* **PROBLEM TO WORK ON**: Keep every word of the listing and reproduce it exactly, but set aside any image found there.
GIVEN MATERIAL Start Marker
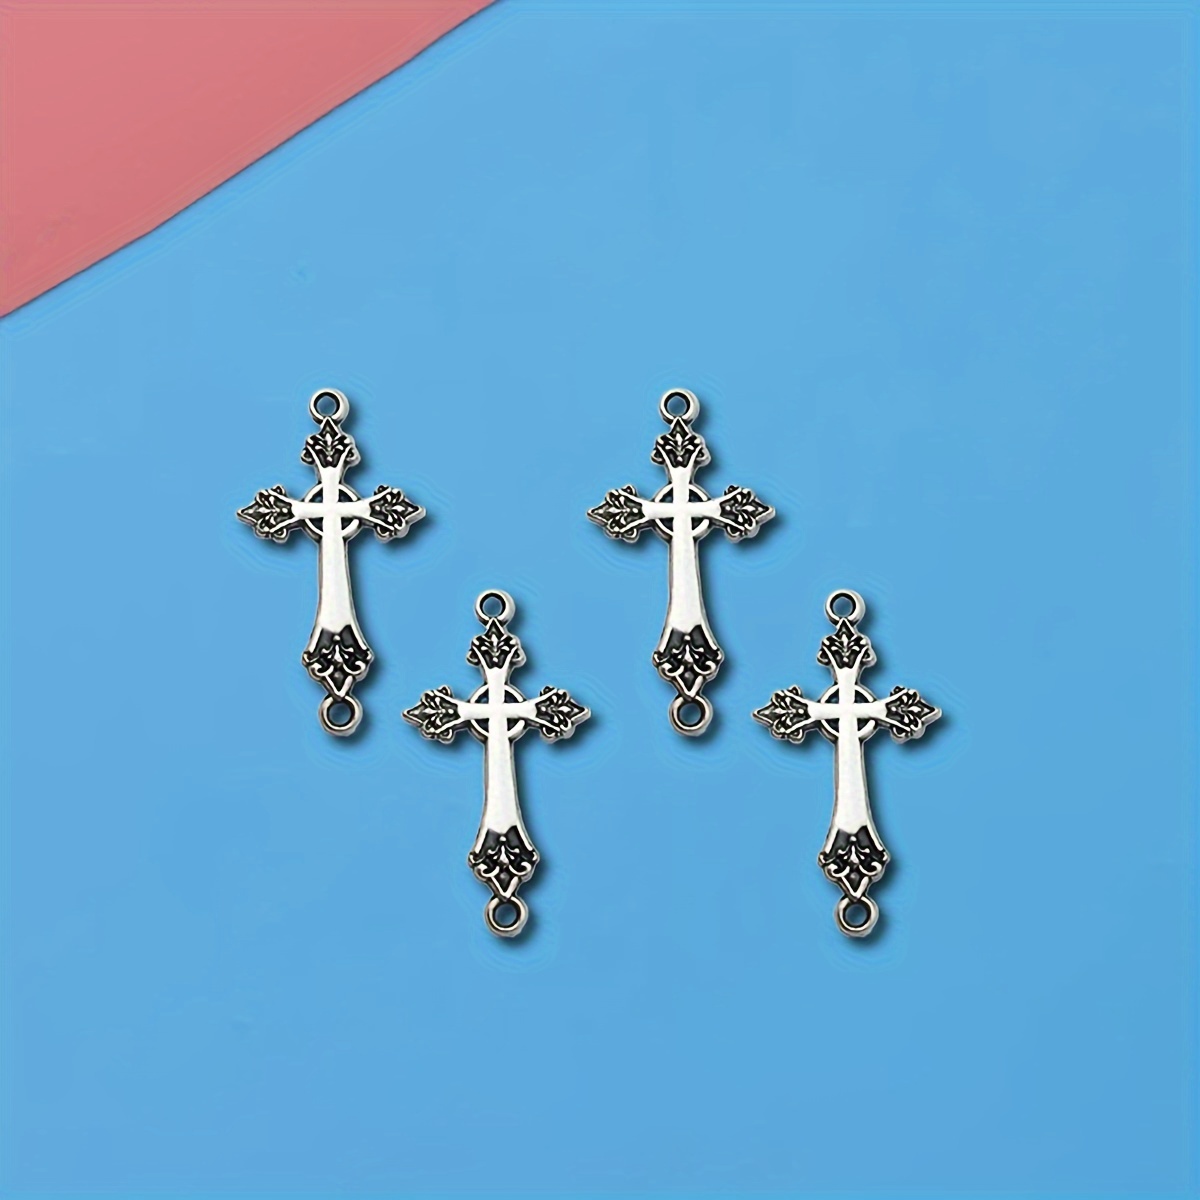 LGFMGWH 60Pack Small Wooden Crosses in Bulk, Wooden Crosses for Crafts, Cross Charms with 60 Chains, Wooden Cross Pendants for Necklace Bracelet
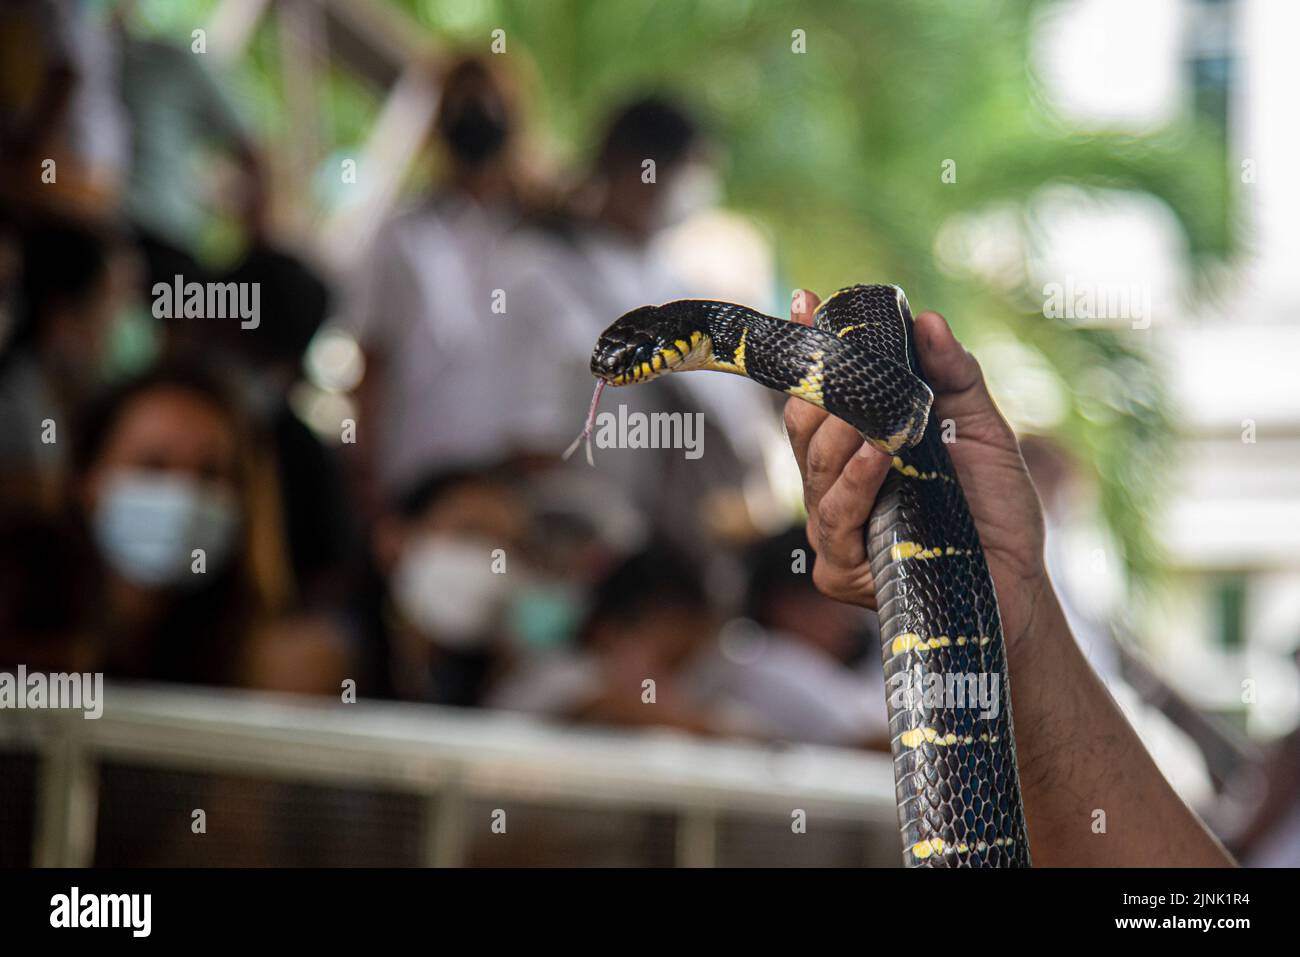 A Thai snake expert holds a venomous Mangrove snake during a snake show at the Queen Saovabha Memorial Institute and  Snake Farm in Bangkok. The Queen Saovabha Memorial Institute also known as the Bangkok Snake Farm was founded on 1923 to raised venomous snakes for venom extraction and production of antivenom for Thailand and surrounding regions where venomous snakes are endemic. The institute also serves as a museum to inform the general public about snakes in Thailand. (Photo by Peerapon Boonyakiat / SOPA Images/Sipa USA) Stock Photo
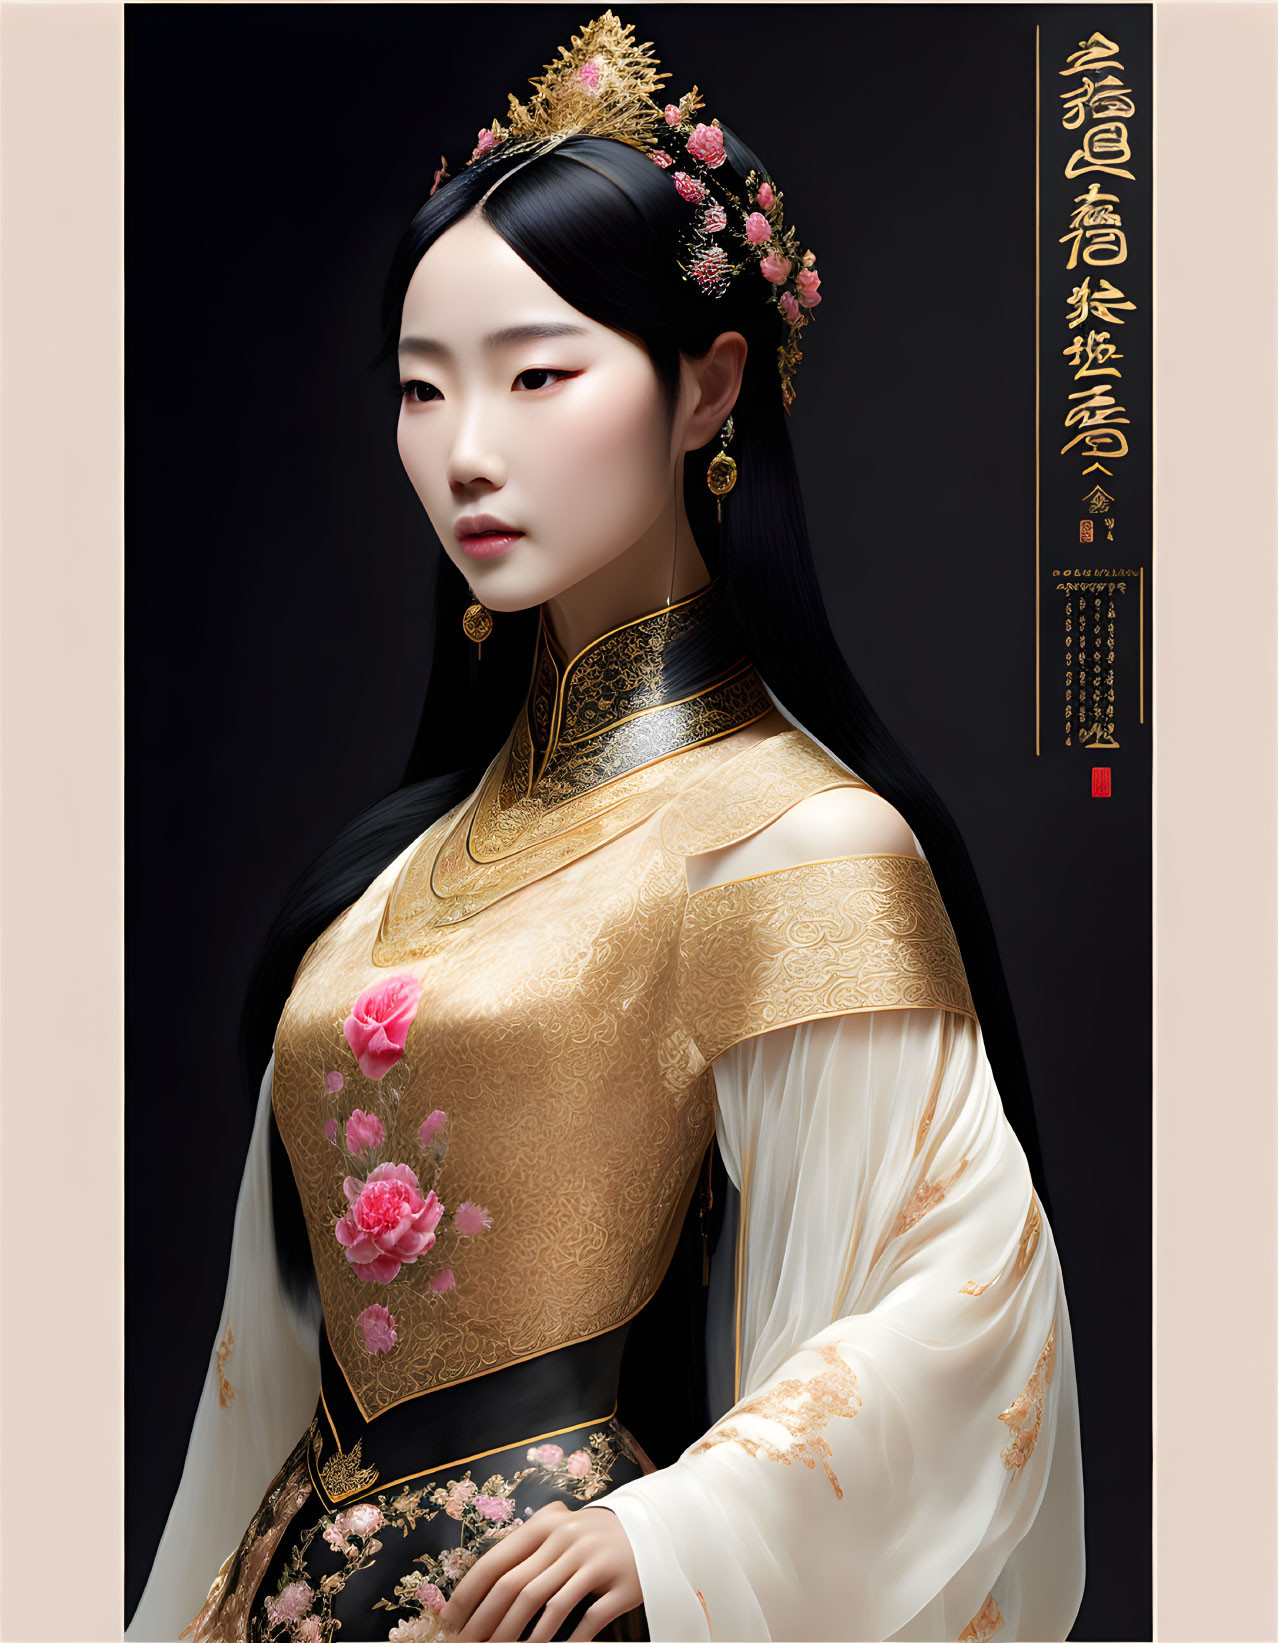 Detailed illustration of elegant woman in traditional Asian attire with gold embroidery, floral headpiece.
GIVEN MATERIAL End Marker
* **OUTPUT FOR THIS TASK**:
 LGFMGWH 60Pack Small Wooden Crosses in Bulk, Wooden Crosses for Crafts, Cross Charms with 60 Chains, Wooden Cross Pendants for Necklace Bracelet
 A Thai snake expert holds a venomous Mangrove snake during a snake show at the Queen Saovabha Memorial Institute and  Snake Farm in Bangkok. The Queen Saovabha Memorial Institute also known as the Bangkok Snake Farm was founded on 1923 to raised venomous snakes for venom extraction and production of antivenom for Thailand and surrounding regions where venomous snakes are endemic. The institute also serves as a museum to inform the general public about snakes in Thailand. (Photo by Peerapon Boonyakiat / SOPA Images/Sipa USA) Stock Photo
 Detailed illustration of elegant woman in traditional Asian attire with gold embroidery, floral headpiece.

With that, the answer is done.